* [Work instruction]:
A verbatim restatement of the data, free of pictures, is what you should output.

* [Recorded data]:
++++++

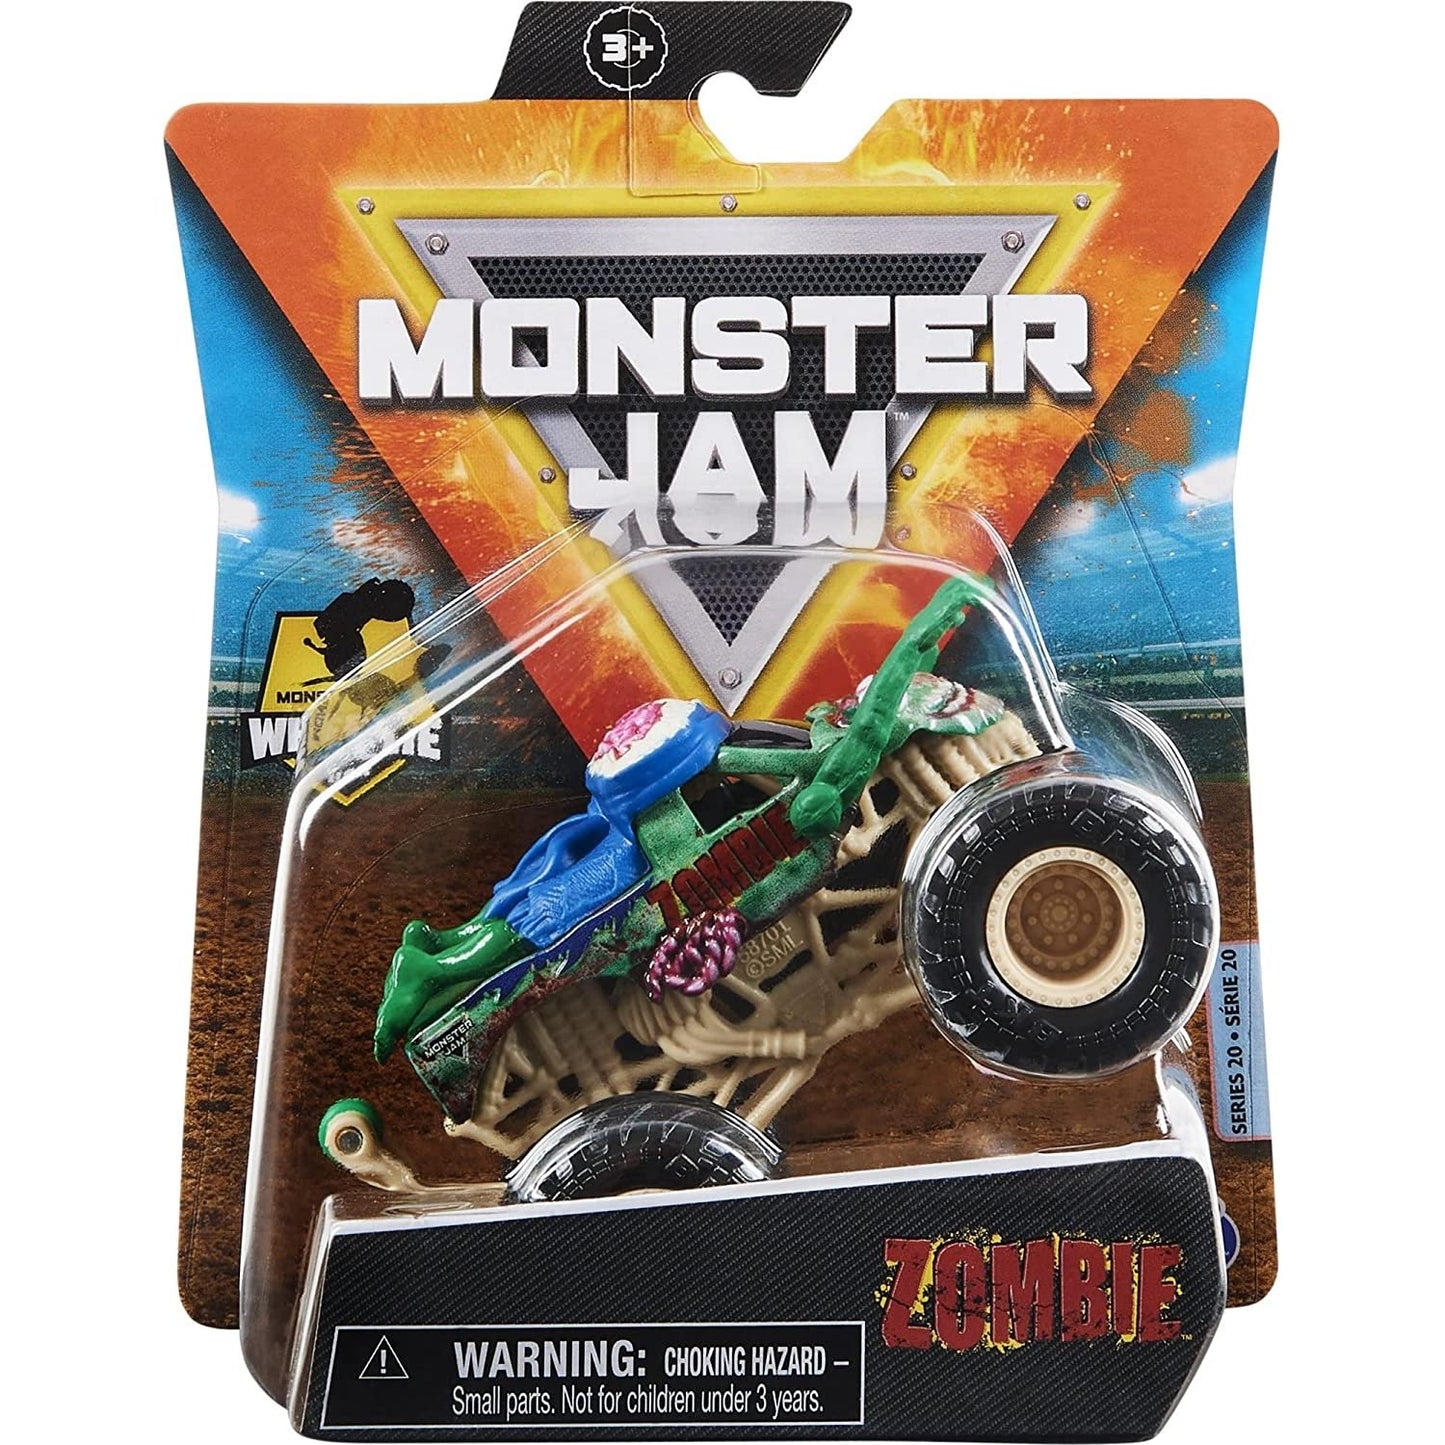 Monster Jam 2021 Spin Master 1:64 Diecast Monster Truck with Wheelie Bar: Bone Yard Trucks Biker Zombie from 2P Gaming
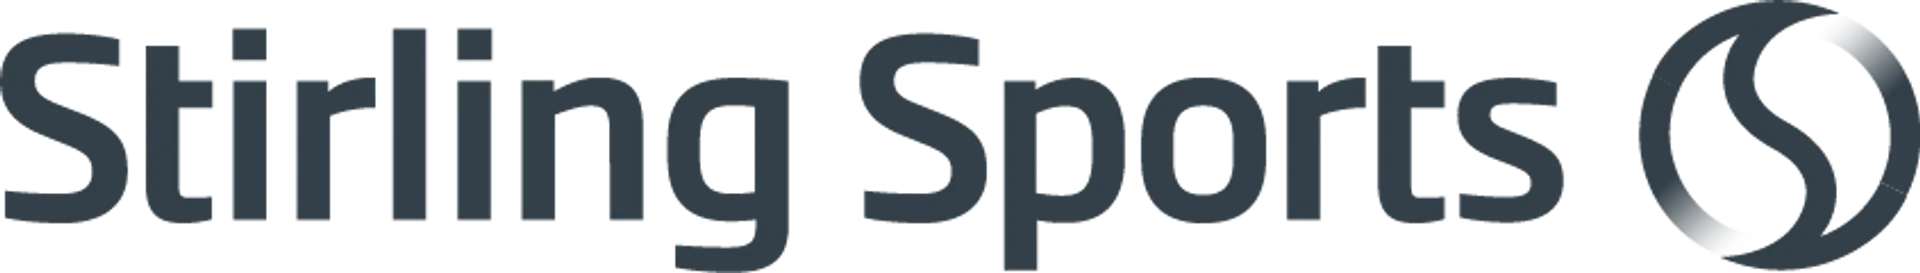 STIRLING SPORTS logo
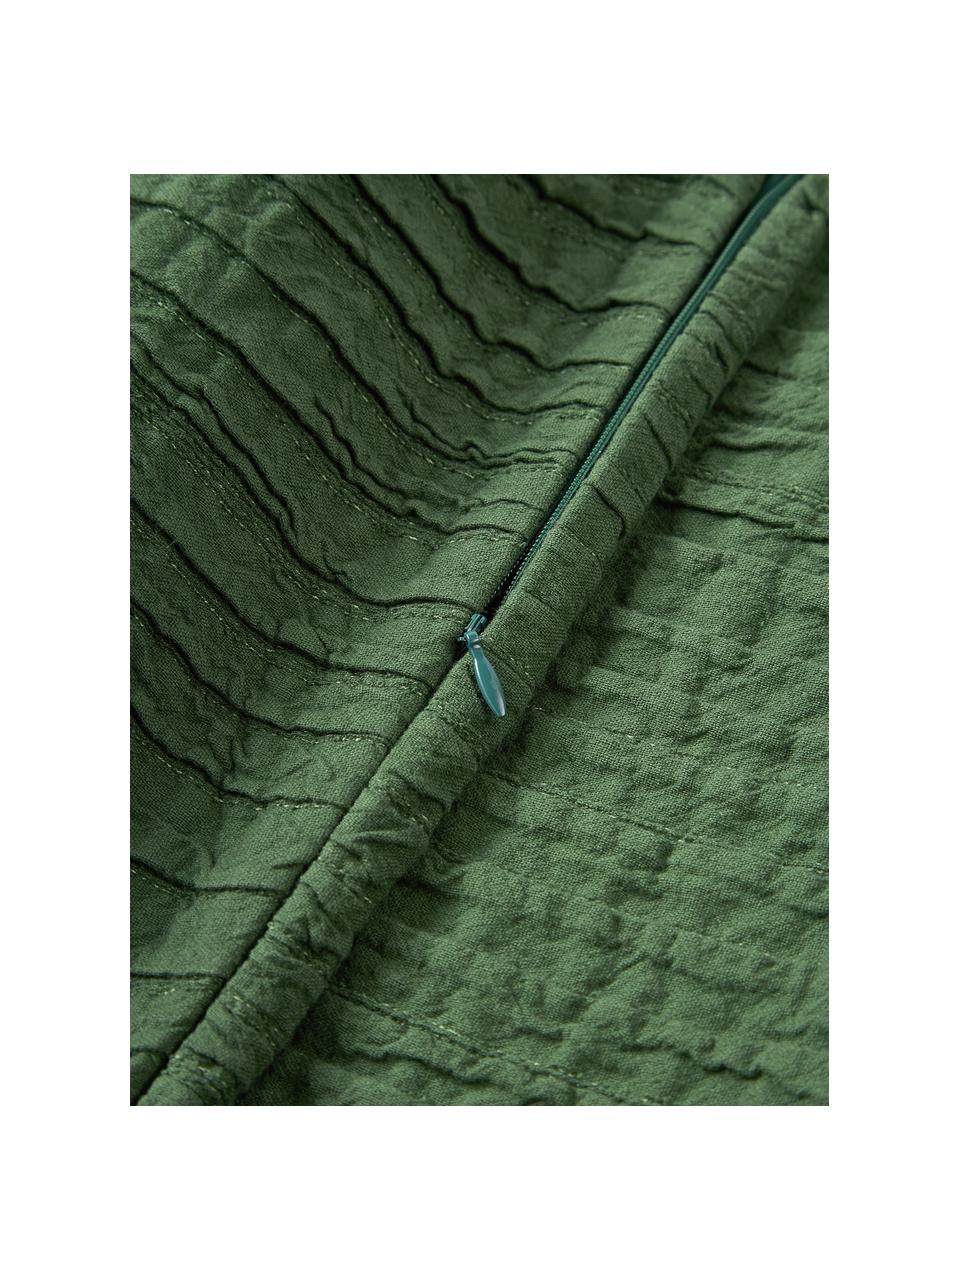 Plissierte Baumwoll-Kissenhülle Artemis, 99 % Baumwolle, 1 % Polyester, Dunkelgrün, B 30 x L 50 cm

++++++

* [Exercise response]:
 Monster Jam 2021 Spin Master 1:64 Diecast Monster Truck with Wheelie Bar: Bone Yard Trucks Biker Zombie from 2P Gaming
 STIRLING SPORTS logo
 Plissierte Baumwoll-Kissenhülle Artemis, 99 % Baumwolle, 1 % Polyester, Dunkelgrün, B 30 x L 50 cm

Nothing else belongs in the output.